Instead of withdrawing precipitously, Kissinger insisted on a retreat “with honor,” by dishonorably expanding the futile war effort into Cambodia, and then lying about it to the world. This apparently was what he meant by winning “an American peace.” “It’s not my fault,” he later complained, like the James Taggart that he was, when nothing he had done worked.

I imagine this was his thought also when CIA operatives killed one of the only moral leaders in all of South America, the constitutionalist defender of Chile, general Rene Schneider, in a botched kidnapping attempt that was supposed to incriminate communists in Chile to allow America to orchestrate a military coup against the democratically elected Salvador Allende. The Chile debacle, to me, is the ultimate symbol of the Nixinger disintegration. Kill the good guys while trying to blame it on the bad guys, in a place that doesn’t even matter. (Kissinger had bluntly told the Chilean ambassador previously, “what happens in the south is of no importance.” And yet he and Nixon were happy to throw out every moral tenet of American foreign policy–to assassinate the very character of America–to prevent Chile from what would have been a brief flirtation with Marxism. Disgusting.)

Do you really want more? Unfortunately there is more, and history requires that we look at it.

The good news is that Israel would not put up with Nixon’s muddled thinking. Golda Meir dealt with Nixon’s Middle East policy like a school marm chiding the class idiot. Letting Nixon posture, Meir and Israel’s military establishment gradually moved ahead with their nuclear power and armament program. At least now, the world can rest easy that if Muslims are crazy enough to try to destroy Israel, the outcome will be “mutually assured destruction.” Thank you, Israel, for refusing to be disintegrated.

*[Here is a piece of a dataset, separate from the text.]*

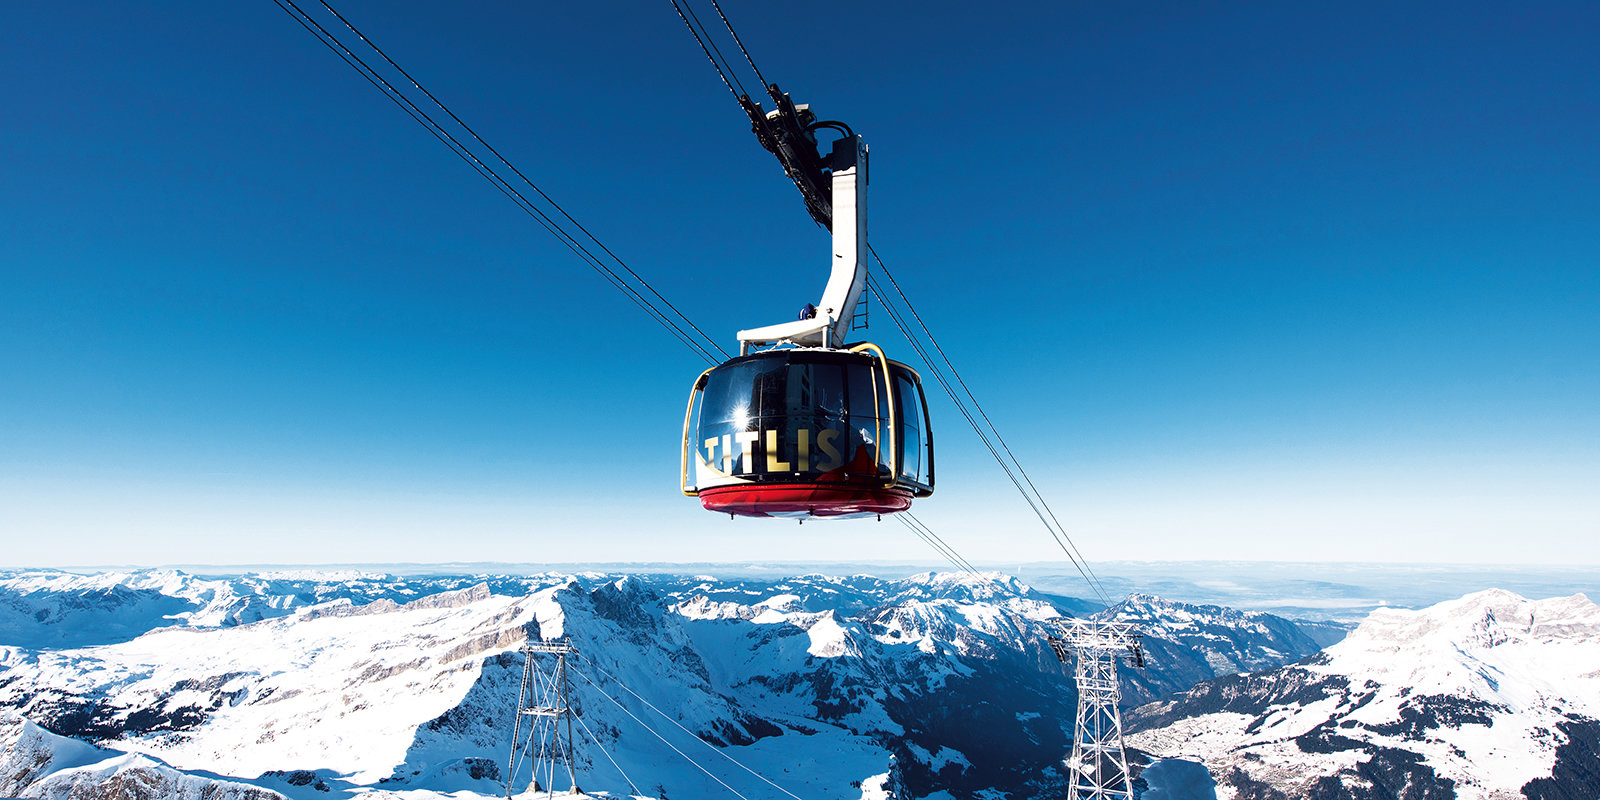 A világ első forgó felvonója körpanorámával a svájci Titlis síterepén | Fotó: doppelmayr.com

Let us end with Communism. To deal with this threat, Nixon employed the standard tactic of the philosophically adrift: the balance of power — not as a tactic however, as a “strategy of tactics.” To be sure, calculations of military capabilities are a necessary and important aspect of foreign policy, but in the D mind they become foreign policy itself. According to such an outlook, since Russia was a problem, it was a valid move to court China as a temporary ally. China for its part was so consumed by paranoia that the Chinese actually believed that America was secretly a partner of the Soviet Union against China. I pity the fly on the wall listening to Mao and Nixon talking past each other about their own national leadership neuroses.

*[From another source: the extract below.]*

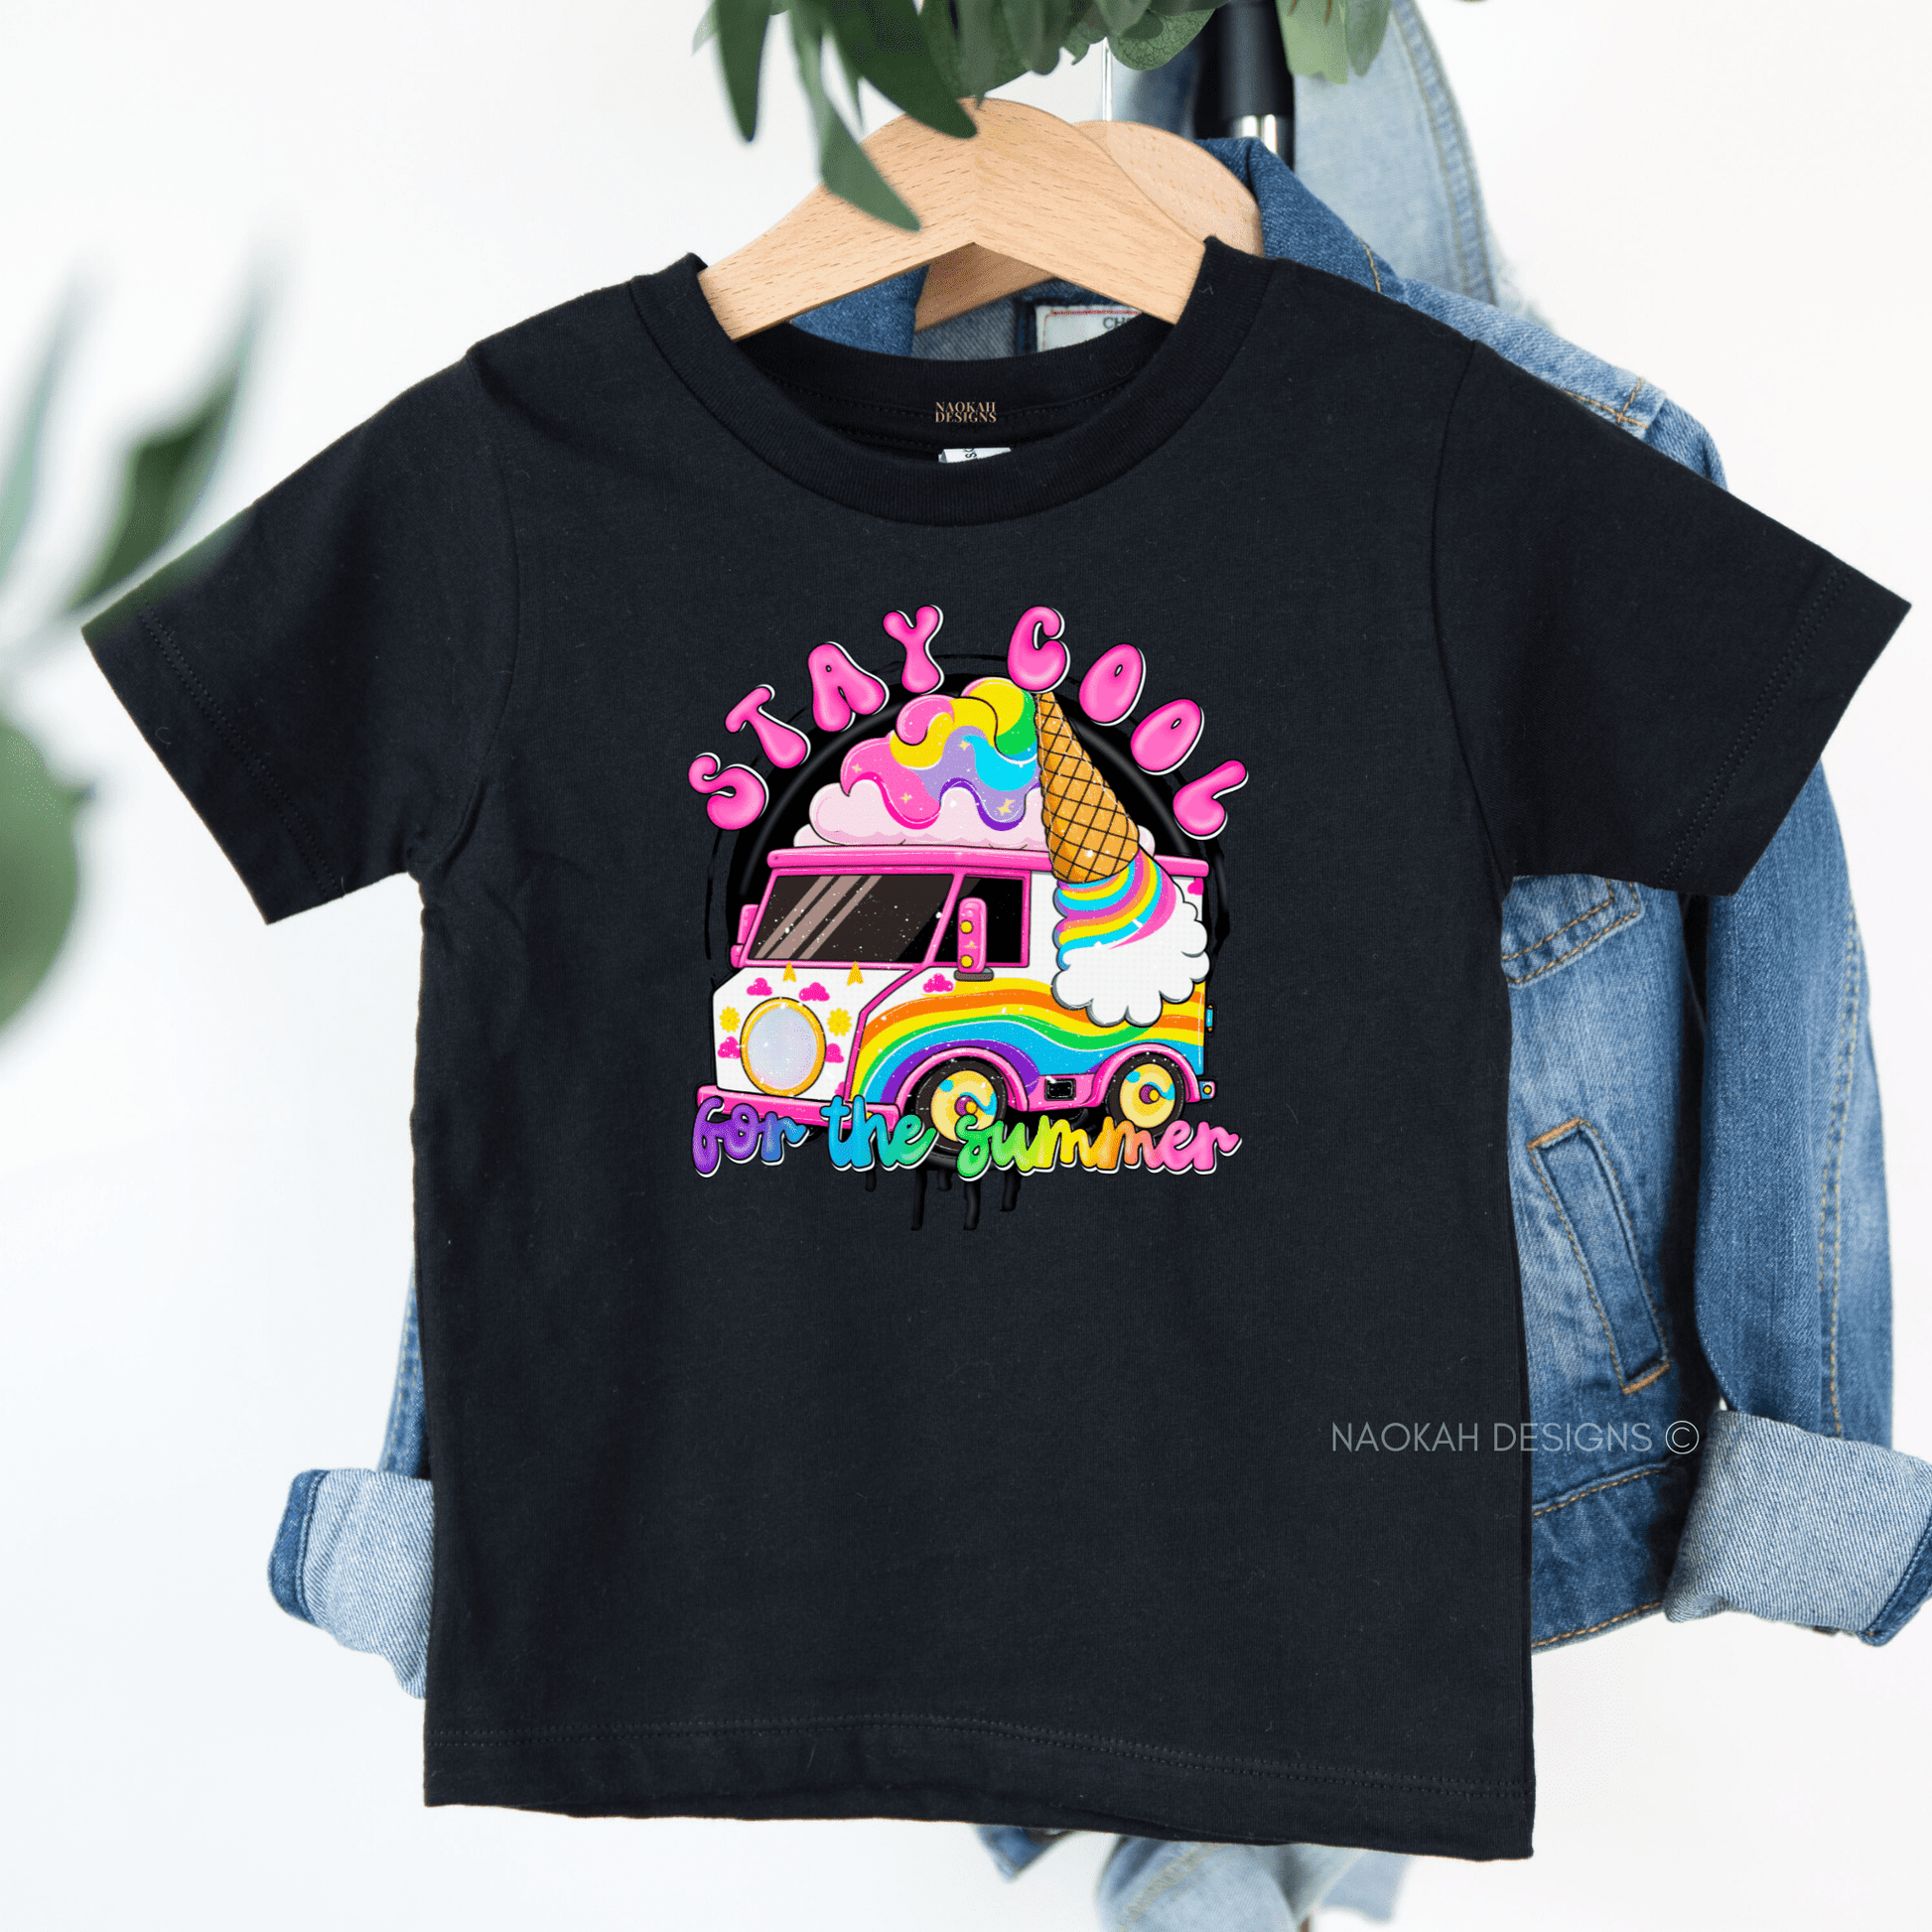 Stay Cool Kids Ice Cream Shirt, Ice Cream Youth T-Shirt, Ice Cream Lovers T-Shirt, Ice Cream Toddler Shirt, Summer Kids Shirt

In the end China did not help the US with its Vietnam problem — a major hope of Nixon’s. The China-Taiwan situation went unmoved. All that happened was that China’s “middle kingdom” mindset received a major boost, allowing its vicious rulers to think themselves legitimate partners of the greatest nation in the world, and continue down the same path there were already on. If Nixon had never gone to China, there is a good chance in my mind that China would already be a democratic country. Instead, America’s dialog of appeasement and flattery with China’s evil leaders gave them a new legitimacy, and kept them in power. It provided the impetus for the economic opening of China, which, despite permitting a new level of wealth to a vast number of Chinese, has perpetuated single-party rule, rampant corruption, and retarted true political progress there.


What came next is fascinating from the perspective of modal progressions.

Ford is almost irrelevant. As far as I am concerned, he can be seen as a continuation of Nixon.

I suspect that American culture was predominantly a mix of M1 and M2 at this time, because Nixon’s premature D never really resonated with it. My sense is that the New York Times, with which Nixon clashed so much, was an M2 institution at the time — though it has since gone D, to be sure — and their modal incompatibility was part of the reason for their antagonism. Academia was M2 to be sure, until the fall of the Soviet Union, though with a growing D subcomponent. The M2-M1-M2-M1 progression in foreign policy from Truman to Eisenhower to JFK to LBJ is further evidence. So it’s no surprise to me that America returned to M2 one last time, with Jimmy Carter.

Basically what I see in the history of American foreign policy after WWII is a culture war between M and D well underway, with a baseline but momentarily transient American M losing a rear-guard action with a philosophically more powerful adversary. Carter is the last stand of M2, if I’m right, assuming Reagan was a transitional D1, whereas Nixinger represents the Cold War advent of god-awful D2, and D2 has dominated since.

Onward, to full disintegration and beyond!